Cette dynamique peut-elle nous inspirer dans la situation extrême que nous vivons? Oui.

Un bref point de définition pour commencer. Par situation extrême, on se réfère à une situation caractérisée par trois points : des changements constants qui obligent à une adaptation continue, l'incertitude qui rend difficile toute anticipation, et les risques encourus qui peuvent être fatals. Ce qui, peu ou prou, ressemble à ce que l'on vit actuellement avec le covid. Les musiciens peuvent-ils donc être un exemple à suivre pour affronter ces situations ?

 

Le modèle PAC (Partition, Autonomie et Co-dépendance)

Sur la base d’années de modélisations et d’interventions auprès de professionnels chevronnés (par exemple électriciens spécialistes des sites de haute tension, interventions dans les urgences hospitalières), nous avons déterminé un modèle opérationnel inspirés de l’exemple musical appelé PAC pour Partition, Autonomie et Co-dépendance. Considérez-le comme une forme de guide/mémo, à adapter aux contextes professionnels rencontrés. Sa pertinence est éprouvée dans les situations de travail à distance que nous vivons actuellement.

L'idée est la suivante : pour vous assurer que vos équipes soient alignées sur des objectifs communs, vous devez leur fournir un canevas avec une visée à court et moyen terme et des rendez-vous réguliers qui scandent la progression: c'est la partition. La précision de cette partition dépendra de l'exposition au risque des employés. Considérez une centrale nucléaire : une suite d'erreurs humaines peut conduire à la catastrophe. La partition est ici détaillée jusqu'à la note près pour réduire au maximum l'exposition individuelle au risque. Des procédures rigides existent à chaque niveau de responsabilité et déterminent les étapes à accomplir : théoriquement, aucune marge de manœuvre n’est laissée à l'improvisation.

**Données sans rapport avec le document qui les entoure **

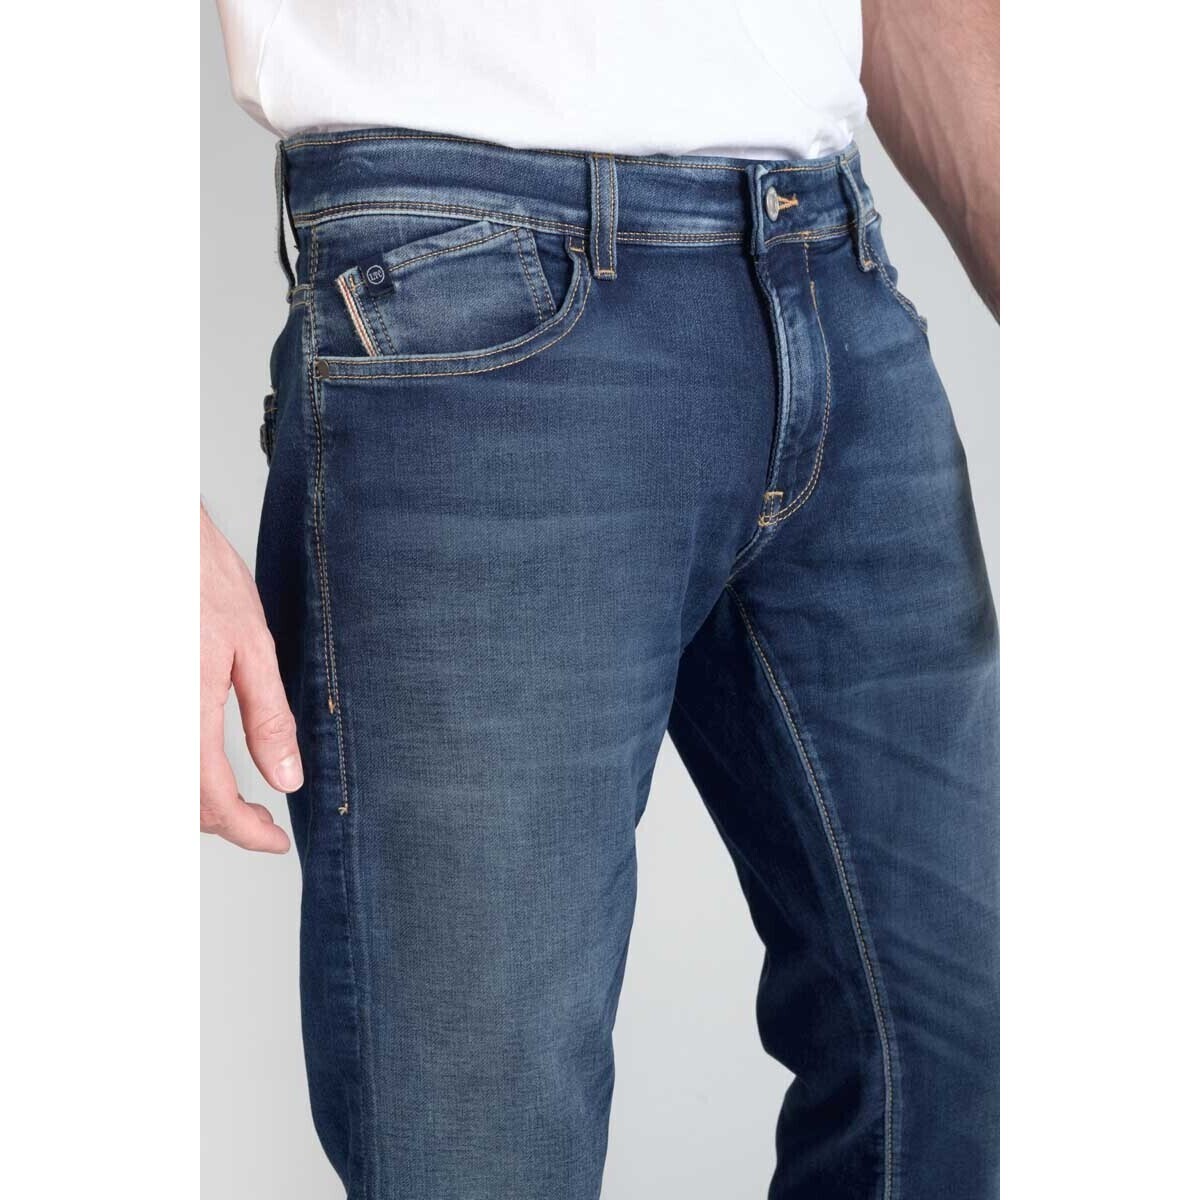 Le Temps des Cerises Bleu Jogg 700/11 adjusted jeans bleu dE8wSRxp

Si l'individu est, par sa fonction, exposé personnellement au risque comme le secouriste ou le guide de haute montagne, sa survie, ou celle du patient, dépend directement des actions et décisions qu'il entreprend. La partition de l'organisation qui l'emploie s'approchera davantage d'une grille de jazz, avec quelques accords singuliers qui donnent la couleur et la direction de l'ensemble (par exemple, principes clés et objectifs).

Le deuxième composant du PAC a déjà en partie été dévoilé : c'est l'autonomie garantie à votre équipier/employé. Le concept n'est pas nouveau, mais il est d'actualité : vous déterminez des activités qu'il ou elle peut accomplir seul(e) et vous lui donnez l'opportunité d'atteindre les objectifs fixés ensemble (via la partition) par des moyens et des outils développés par ses soins.

Troisième et dernier élément, la co-dépendance. Comme dans un orchestre, la possibilité de réaliser la partition dépend de l'action de chacun. Cela suppose une claire identification du périmètre d'action et de la complémentarité de chacun telle que définie dans la partition. Les trombones jouent des mélodies inaccessibles aux violons, mais ils peuvent les accompagner harmonieusement. Si chacun mesure, à chaque moment du projet ou de l'activité, la position des autres, la qualité de son engagement ou les difficultés rencontrées, vous garantissez la cohésion du groupe.

Les compétences émotionnelles dans ce contexte? Elles sont ce qui permet l'application du PAC et rend possible l'action collective, en particulier, dans les situations extrêmes.

 

Un encadrement bienveillant et ferme

Le maitre mot dans l'ensemble de ces cas est d'accepter l'erreur, tout en cherchant à diminuer son occurrence, car elle est souvent inévitable lorsqu'il y a une prise de risque. Un encadrement bienveillant et ferme parvient à capitaliser sur l'expérience acquise à travers ces erreurs s’il met en place un suivi régulier, compétent et sensible (par exemple l'utilisation du debrief après la mission ou le chef d'orchestre donnant son feedback, c'est-à-dire corrigeant l'exécution de certaines parties orchestrales pour parvenir à l'interprétation souhaitée).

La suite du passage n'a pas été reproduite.